EXERCISE MATERIAL Start Marker

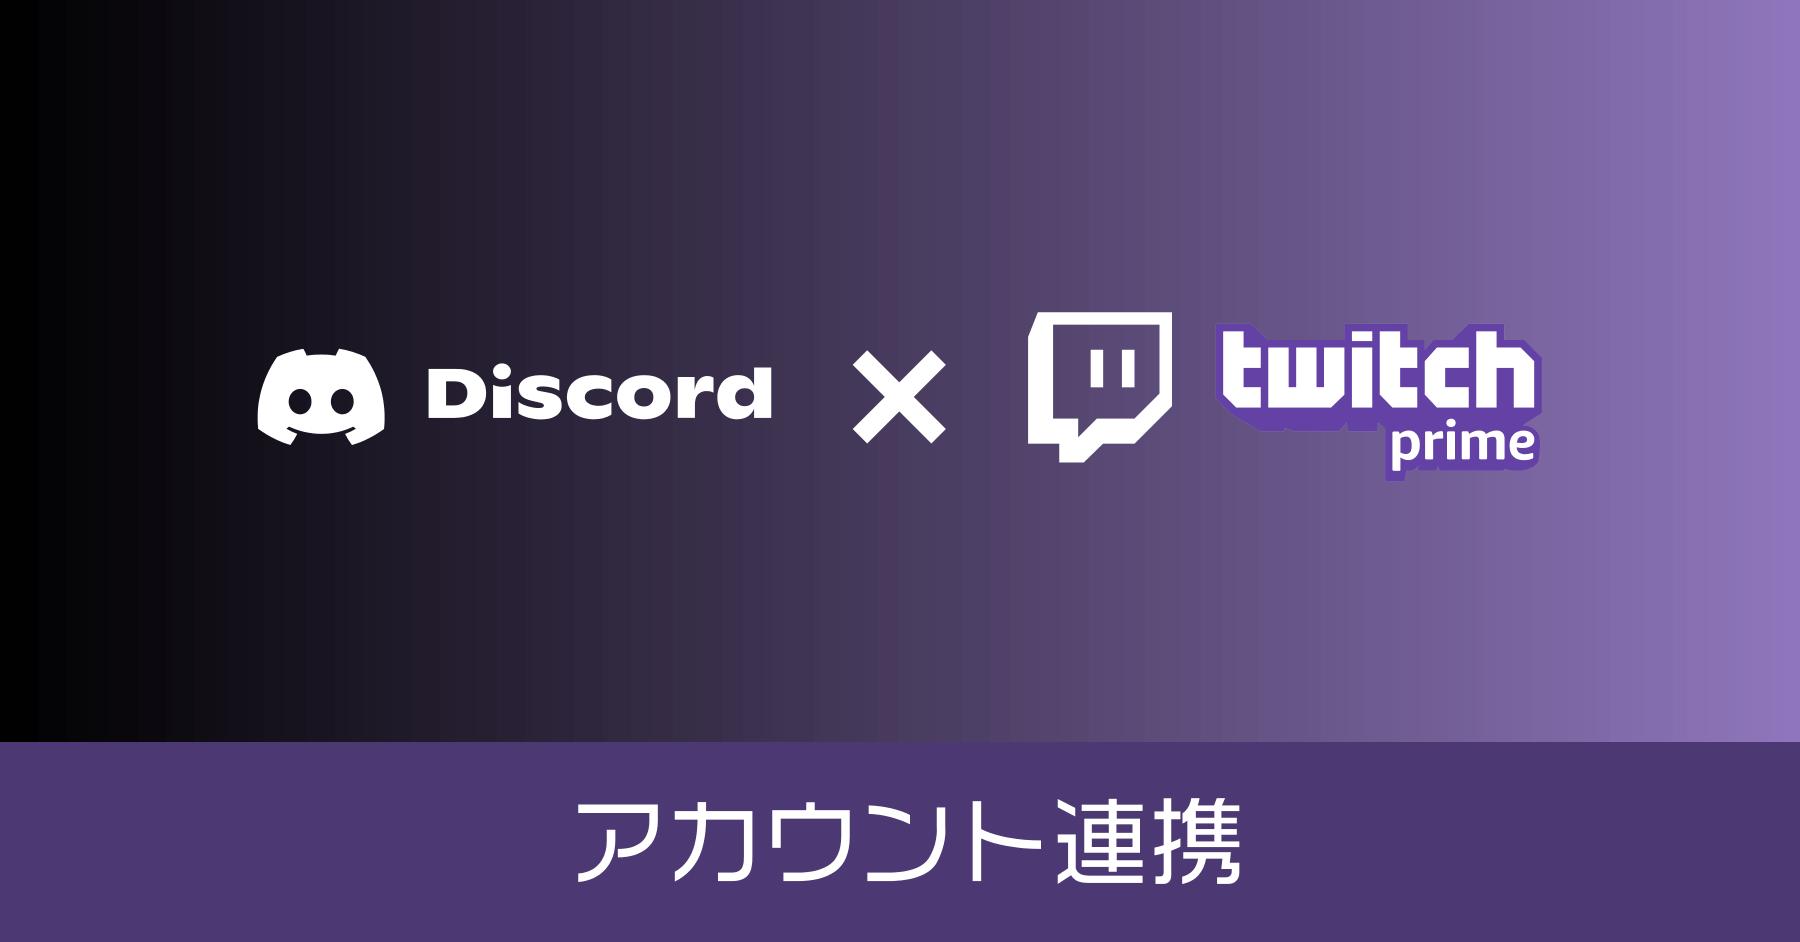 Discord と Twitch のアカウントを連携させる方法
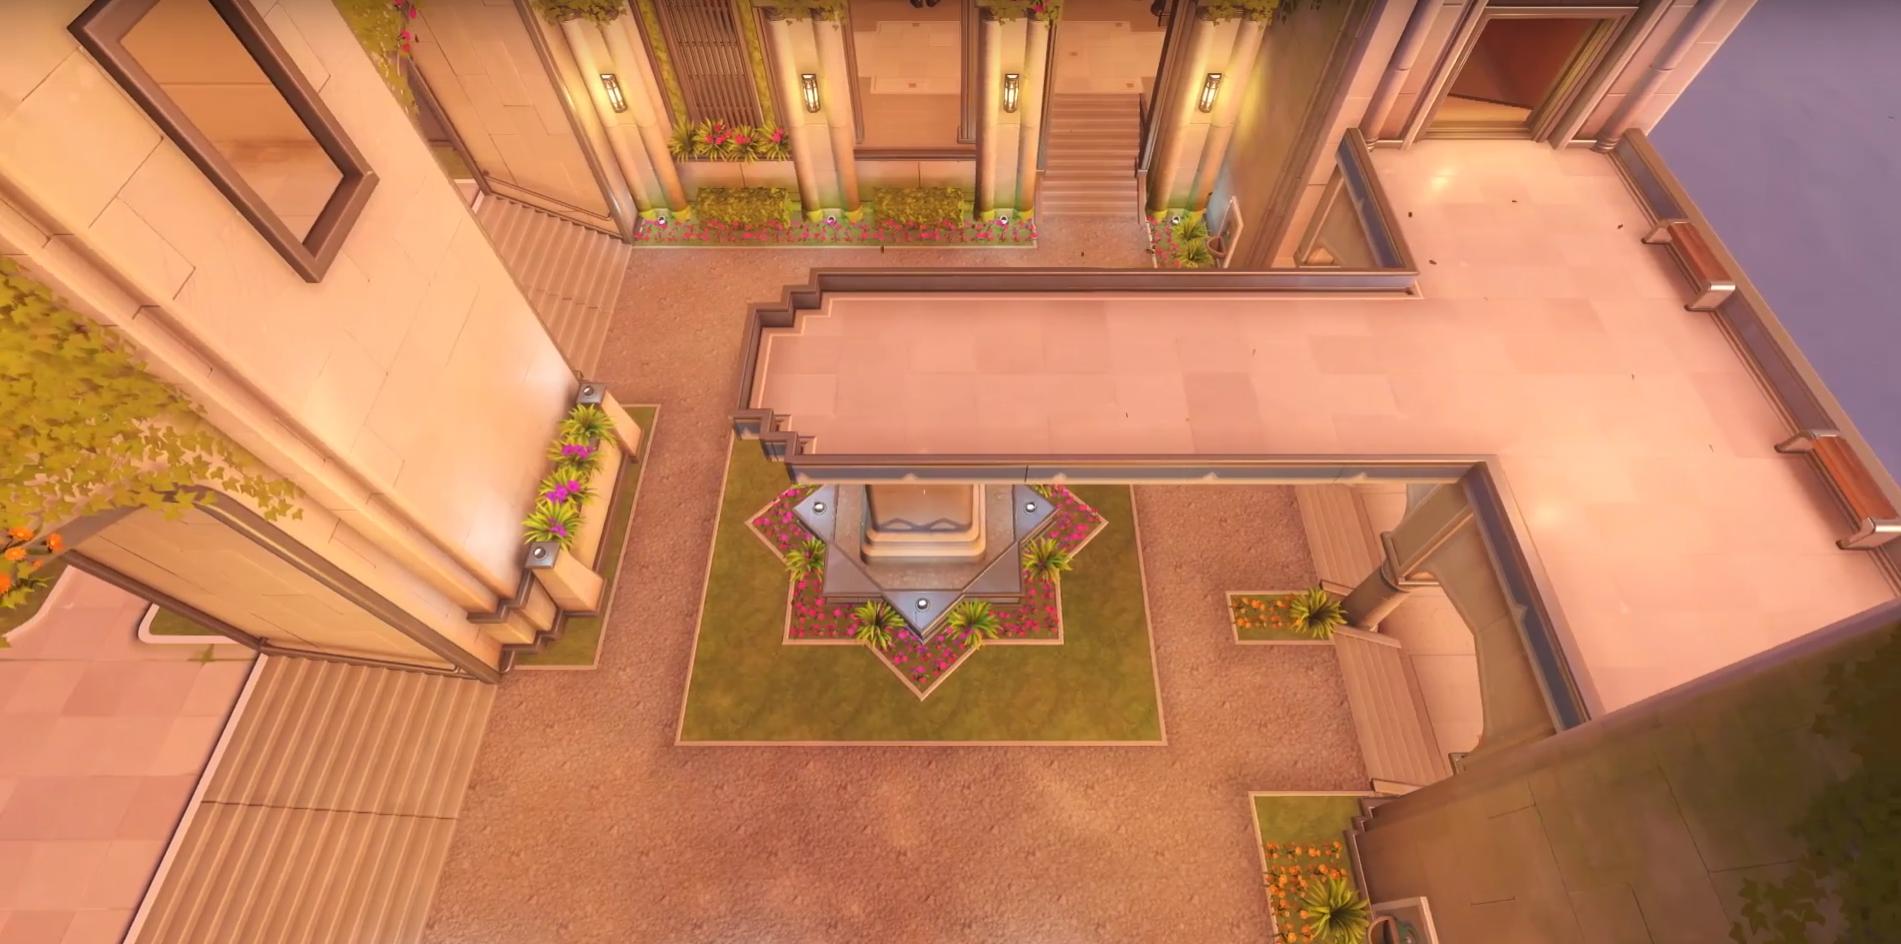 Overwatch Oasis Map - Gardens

EXERCISE MATERIAL End Marker
EXERCISE MATERIAL Start Marker

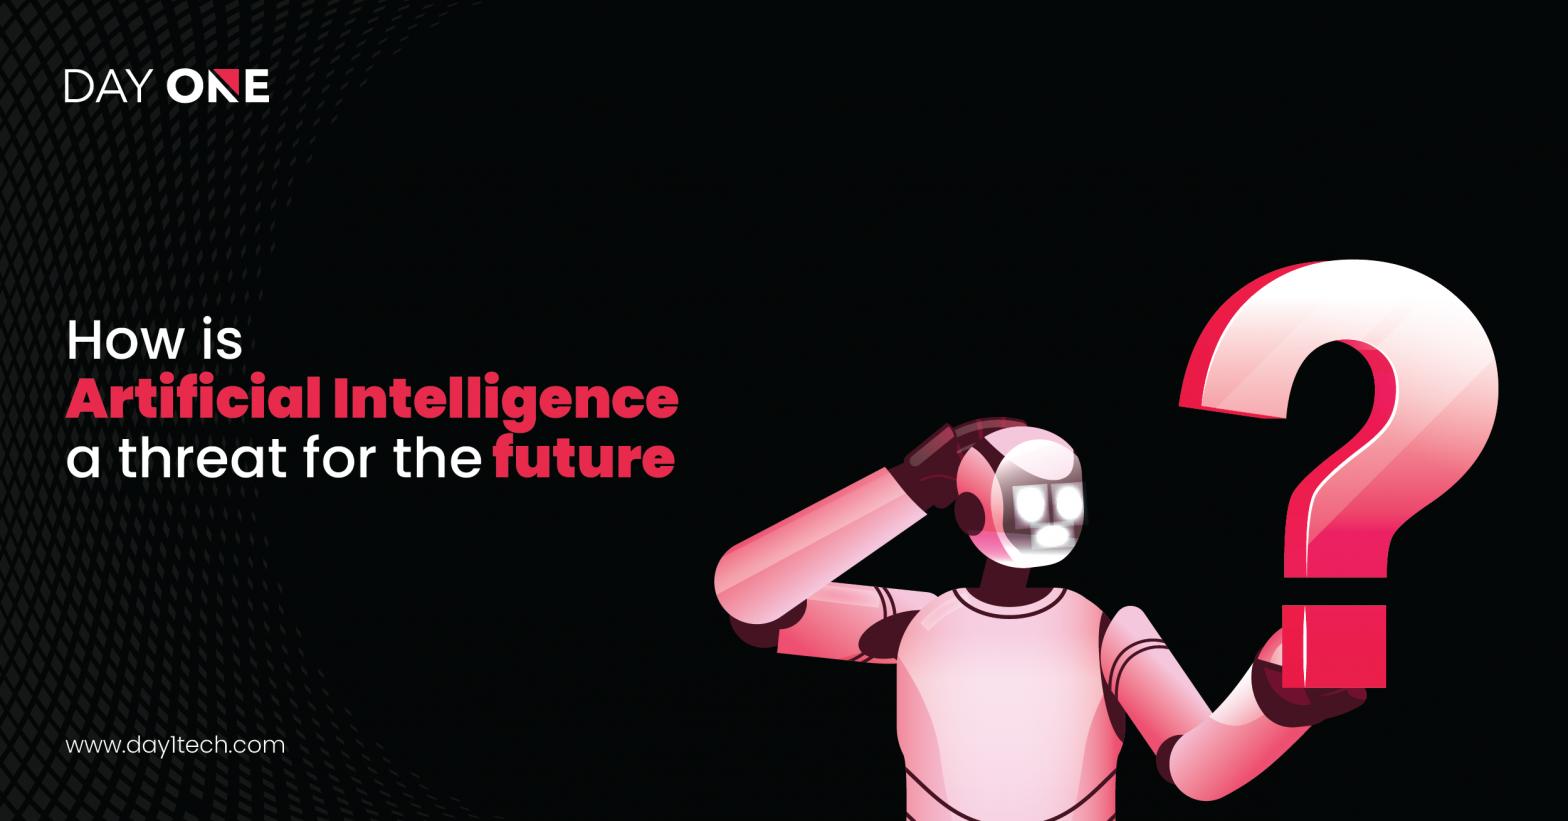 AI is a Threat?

EXERCISE MATERIAL End Marker

■ TASK DESCRIPTION:
Only the lines starting at the one that includes "Discord と Twitch のアカウントを連携させる方法" and ending at the one that includes "Overwatch Oasis Map - Gardens" should be retyped, exactly, from the records above; no pictures.

■ EXERCISE OUTPUT:
 Discord と Twitch のアカウントを連携させる方法
 Overwatch Oasis Map - Gardens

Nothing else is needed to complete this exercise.